From the results of Table 2 above, when the thermoplastic polymer composition of Comparative Example 2 containing the ethylene-vinyl alcohol copolymer (I) and the elastomer (II-2) having no functional group was used, oxygen permeation was obtained. The coefficient is about 43000ml ・ 20μm / m ² As can be seen from the values of day · atm (= 4900 fm · 20 μm / Pa · s), the gas barrier properties are inferior, and the mechanical properties are not satisfactory.
[0064]
【The invention's effect】
The thermoplastic polymer composition of the present invention has excellent barrier properties against gases, organic liquids, and the like, and also has good flexibility. Therefore, packaging materials for food and drink, containers, packing for containers, etc. that require these properties. It is effectively used in

Claims (11)

(I) an ethylene-vinyl alcohol copolymer (I);
(Ii) an elastomer (II) having a functional group capable of reacting with a crosslinking agent; and (iii) a crosslinking agent (III);
Is a thermoplastic polymer composition obtained by dynamically crosslinking under melting conditions. (I) 100 parts by weight of an ethylene-vinyl alcohol copolymer (I);
(Ii) 5 to 900 parts by weight of the elastomer (II) having a functional group capable of reacting with the crosslinking agent; and (iii) 0.05 to 10 parts by weight of the crosslinking agent (III) with respect to 100 parts by weight of the elastomer (II);
The thermoplastic polymer composition according to claim 1, which is obtained by dynamically crosslinking under melting conditions.

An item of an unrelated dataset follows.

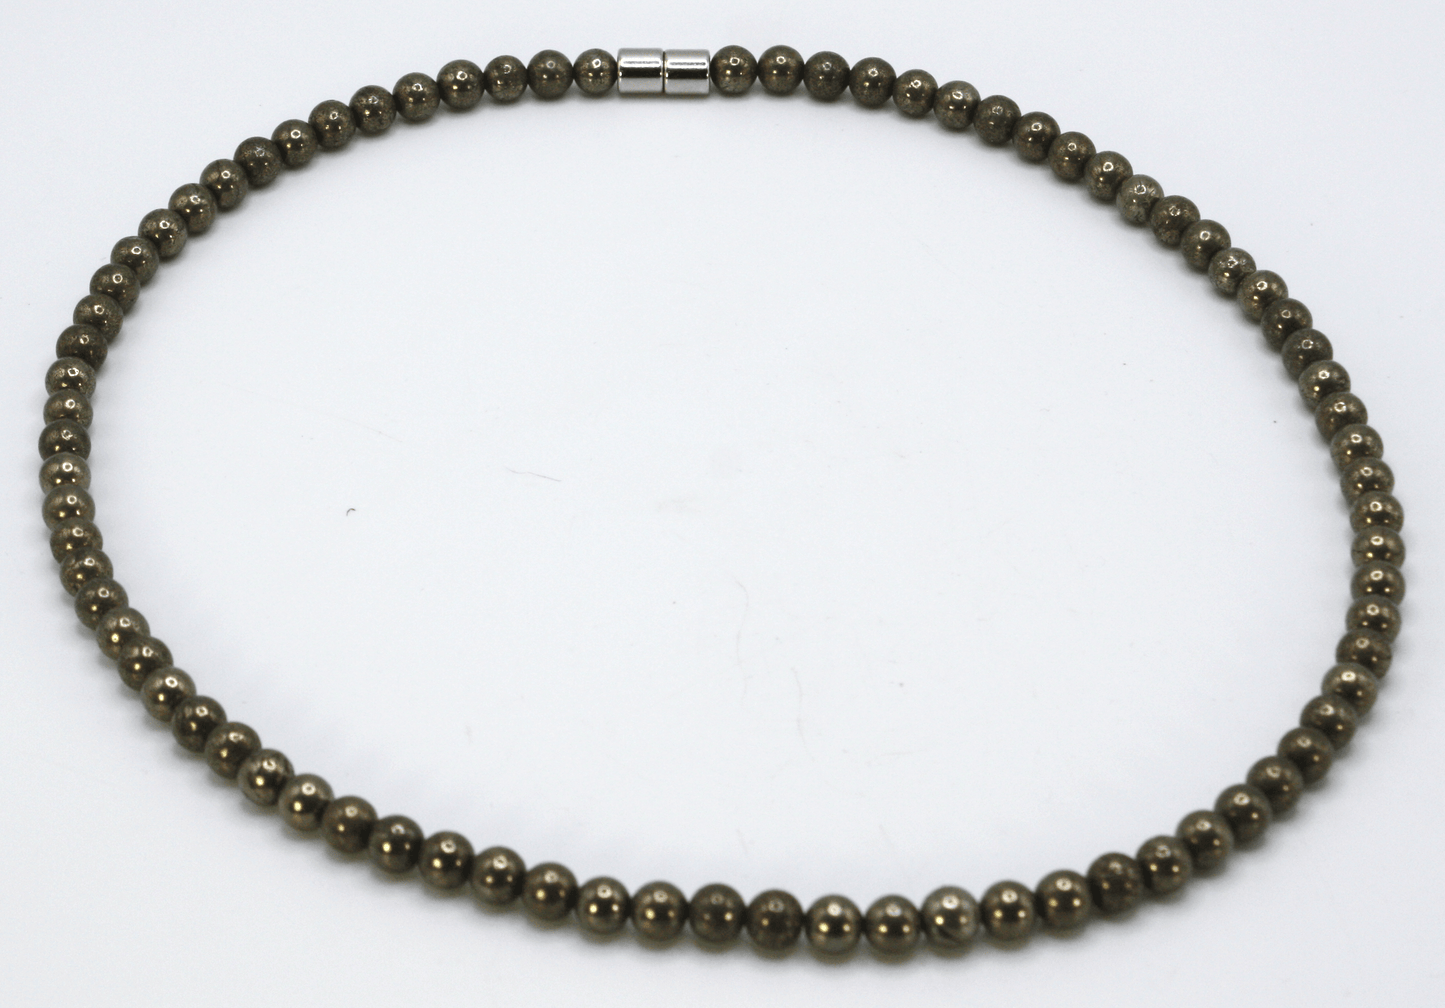 Genuine Pyrite Necklace - Gifts for Men/Women - 6mm Bead Diameter - Prosperity Jewelry - Protection Stone

The elastomer (II) crosslinked with a crosslinking agent (III) is dispersed in a matrix of an ethylene-vinyl alcohol copolymer (I) with a particle diameter of 0.1 μm to 30 μm. The thermoplastic polymer composition described in 1. The functional group capable of reacting with the crosslinking agent of the elastomer (II) has a structure of hydroxyl group, amino group, alkylamino group, epoxy group, ether group, carboxyl group, ester group, amide group, bromo group, dicarboxylic acid anhydride. The thermoplastic polymer composition according to any one of claims 1 to 3, which is at least one functional group selected from the group consisting of a group having a double bond. The elastomer (II) is a block copolymer having a functional group capable of reacting with a crosslinking agent and mainly comprising a vinyl aromatic monomer polymer block and a conjugated diene polymer block. The thermoplastic polymer composition according to item. The molded article which consists of a thermoplastic polymer composition of any one of Claims 1-5. The sheet | seat or film which consists of a thermoplastic polymer composition of any one of Claims 1-5. The laminated structure which has a layer which consists of a layer which consists of a thermoplastic polymer composition of any one of Claims 1-5, and another material. The packaging material for food-drinks which has at least 1 layer which consists of a thermoplastic polymer composition of any one of Claims 1-5. A container having at least one layer made of the thermoplastic polymer composition according to any one of claims 1 to 5. The packing for containers which has at least 1 layer which consists of a thermoplastic polymer composition of any one of Claims 1-5.